Konkret habe ich mich bereits als Kind, aber auch als Erwachsener gefragt, weshalb ich mich stets mit dem Erreichten nie ganz zufrieden geben konnte, beinahe getrieben von der Vorstellung, ich müsse unentwegt etwas besseres planen, als dort auszuruhen und genügsam zu sein, wo man angekommen ist, nachdem man zuvor bestimmte Ziele gesteckt hatte. Wir leben zugegebenermassen in einer höchst kompetitiven Leistungsgesellschaft, in welcher hierarchische Strukturen bestehen, in denen wir uns einzubinden versuchen; und es ist evolutionsbedingt nicht von der Hand zu weisen, dass gewisse genetische Voraussetzungen gegeben sind, um je nach Art Überlebensstrategien zu entwickeln. Darüber hinaus herrscht die Neugier des Menschen auf alles Neue und die Erforschung von Unbekanntem. Dieser in uns schlummernde Antrieb hat uns seit der Morgenröte der Entwicklung moderner Zivilisationen beschäftigt.

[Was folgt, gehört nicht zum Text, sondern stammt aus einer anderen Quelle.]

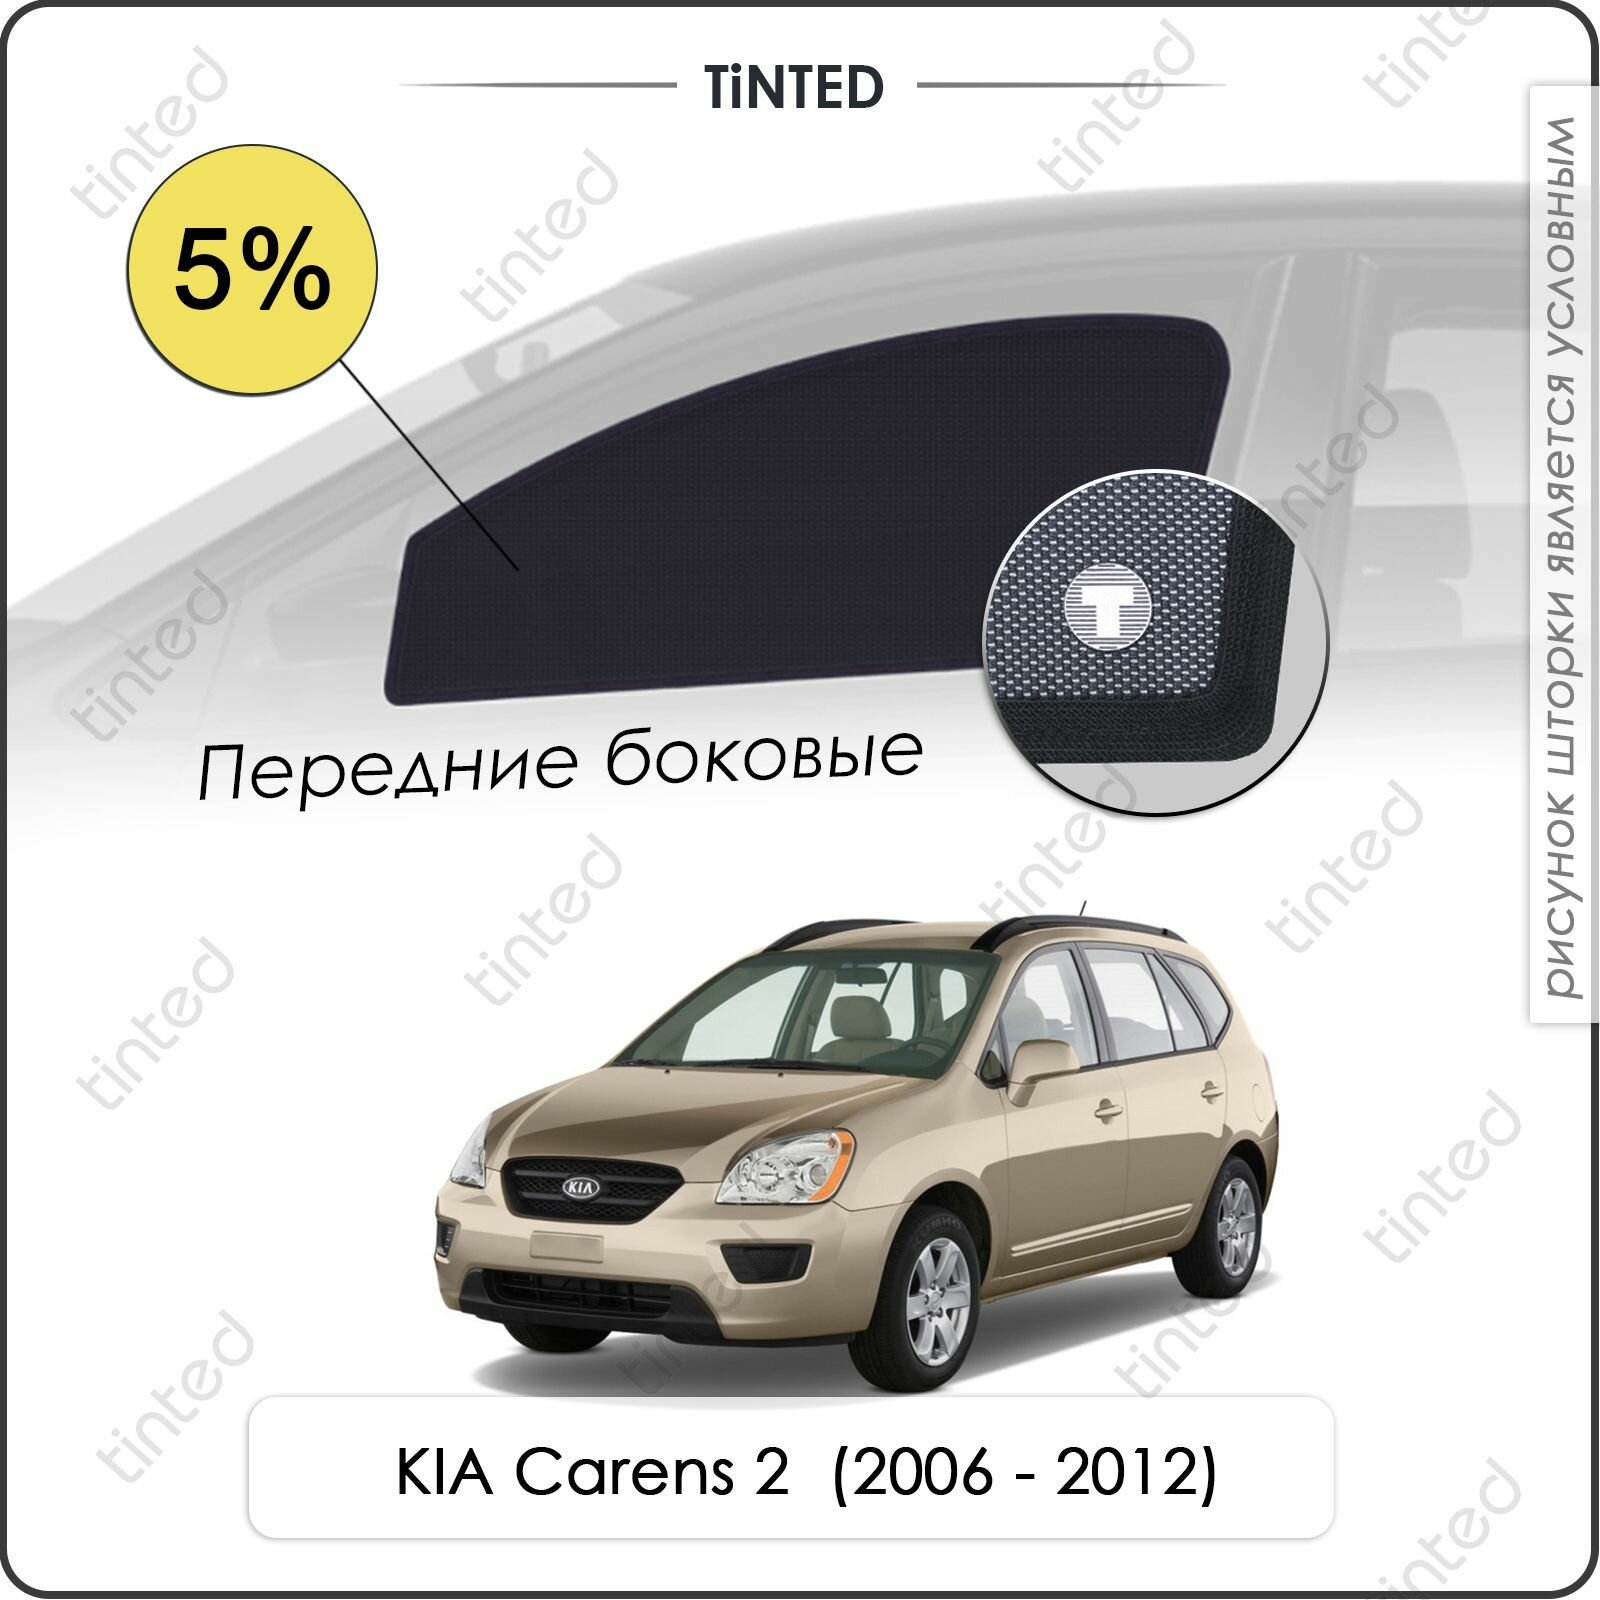 Шторки на автомобиль солнцезащитные KIA Carens 2 Минивэн 5дв. (2006 - 2012) на передние двери 5%, сетки от солнца в машину КИА каренс, Каркасные автошторки Premium

Sodann ist historisch auch belegbar, wonach nicht nur Individuen, sondern ganze Stämme, Sippen und Bevölkerungsgruppen neue Territorien eroberten, manchmal sogar mit brutaler Gewalt, und sich Wissensbereiche erschlossen, sogar auf die Gefahr hin dafür geächtet, oder gar getötet zu werden. Forschung und Genügsamkeit schliessen sich aus. Jeden Tag sind wir durch neue Nachrichten in Radio, Fernsehen, Printmedien und digitalen Medien umgetrieben und in Aufruhr versetzt. Eine Schlagzeile soll das Interesse wecken, bisher Unbekanntes erfahren zu wollen. Zutiefst menschlich ist sodann etwas zu begehren, oder sich von einer Sache zu distanzieren. Problematisch wird dies erst, wenn gleichzeitig sich beide Verhaltensweisen auf dasselbe fokussieren. Der so denkende und fühlende Mensch gerät in einen Zwiespalt. „Hans Dampf“ ist hin- und hergerissen. Er ist unschlüssig und ruhelos, aber daher auch nicht ganz glaubwürdig und frech. Diese Eigenschaften soll ich als Kind gehabt haben, falls ich meine Mutter damals nicht missverstanden hatte, denn sie nannte mich öfters einen „Hans Dampf“?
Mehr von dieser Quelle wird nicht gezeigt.